Is this a valid proof?

Many Thanks

**TheEmptySet** · April 8th 2010, 08:57 AM

Originally Posted by dollydaggerxo

Hello

i need to show the following function is not continuous anywhere else but 0.
$f(x) = x^2$ if x is rational
$f(x) = 0$ if x is irrational

I have read the guide on epsilon delta proof and have managed to work out part of it, i have found that it is continuous at 0, and that is fine and completed.

I'm very stuck on the rest though. I tried to do this:

If a is a rational number there exists a set of numbers $y_1,y_2,...$ that converge to f(a).
So
$\lim_{y \rightarrow \infty} f(y) = \lim_{y \rightarrow \infty} y^2 = a^2$

If a is an irrational number, there exists a set of numbers $x_1,x_2,...$ that converge to f(a).
So
$\lim_{y \rightarrow \infty} f(x) = \lim_{y \rightarrow \infty} 0 = 0$
which are different, and therefore the function is not continuous when x is not 0.
Is this a valid proof?

Many Thanks

It is not. The function is continous at 0.
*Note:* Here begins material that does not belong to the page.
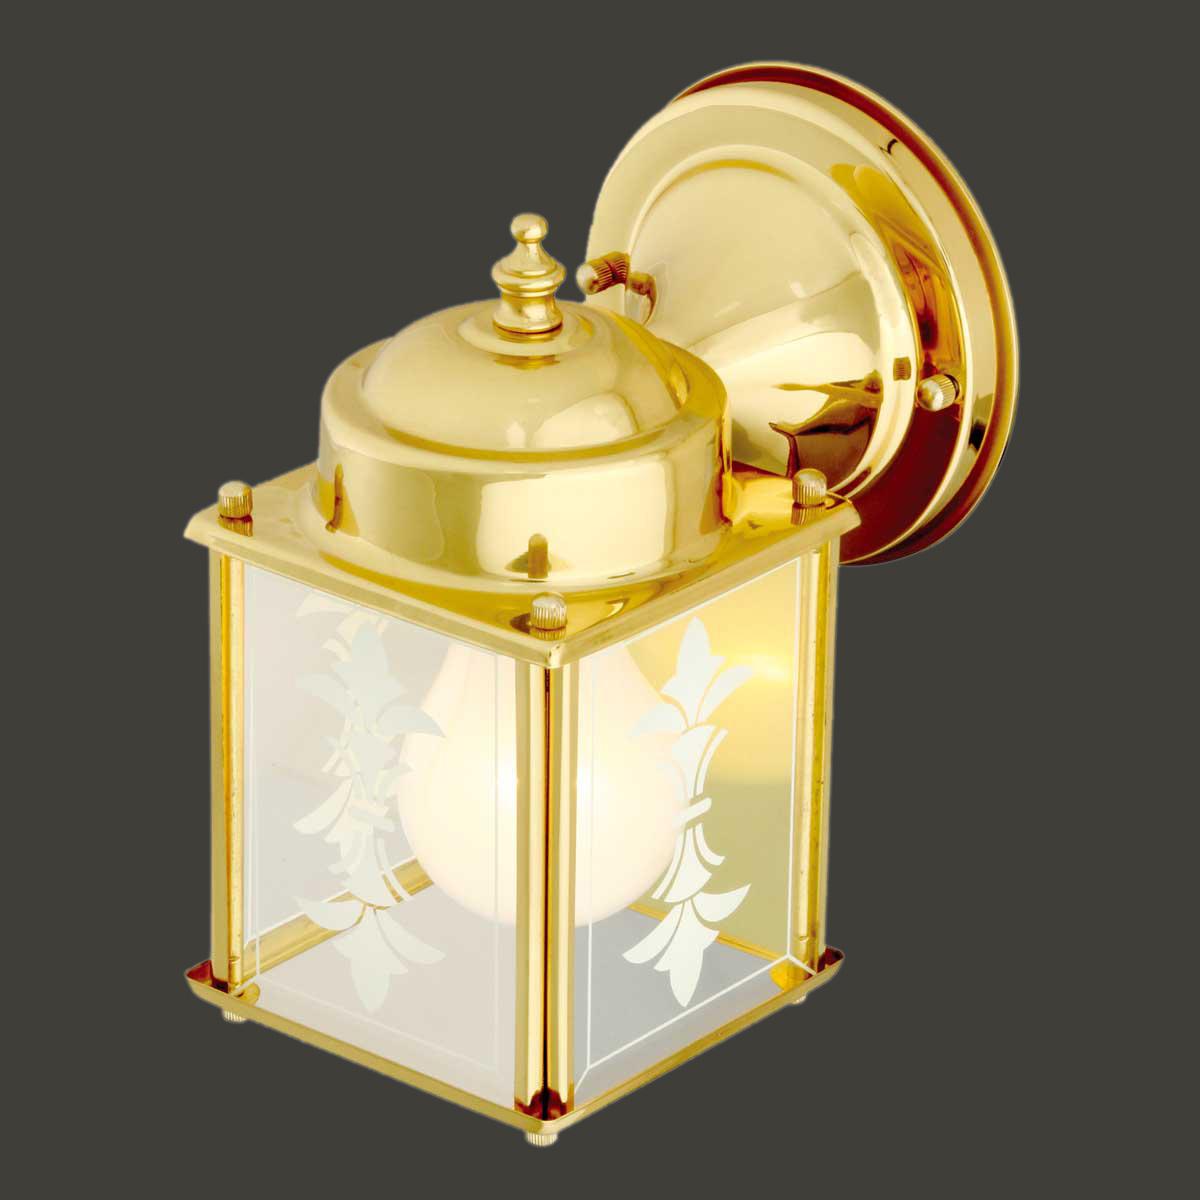 "Outdoor Wall Light Bright: Wall Light Bright Brass Outdoor Light Captain's Lamp 7""H"

Here is a hint to get you started. How would you prove that the function
$f(x)=x^2$ is continous at 0?
The above proof can be modified to show that the function

$f(x)=\begin{cases} x^2, x \in \mathbb{Q} \\ 0, x \in \mathbb{R}\backslash \mathbb{Q} \end{cases}$

**dollydaggerxo** · April 8th 2010, 09:21 AM

This is my proof that the function is continuous at 0:

Let $\epsilon > 0$ , and suppose that $\epsilon < 1$ . Let $\delta = \epsilon$ . Then if $|x-0| < \delta$ then

|f(x)-f(0)| = $|x^2 -0^2|$
$= x^2$
$< \delta^2$
$= \epsilon^2$
$< \epsilon$

If a= 0, however, then f(a)= 0. If x is a rational number close to 0, then f(x)= x^2 is close to 0 and if x is an irrational number, f(x)= 0 so the limit, as x-> 0, exists and is equal to 0. The function is continuous at x= 0.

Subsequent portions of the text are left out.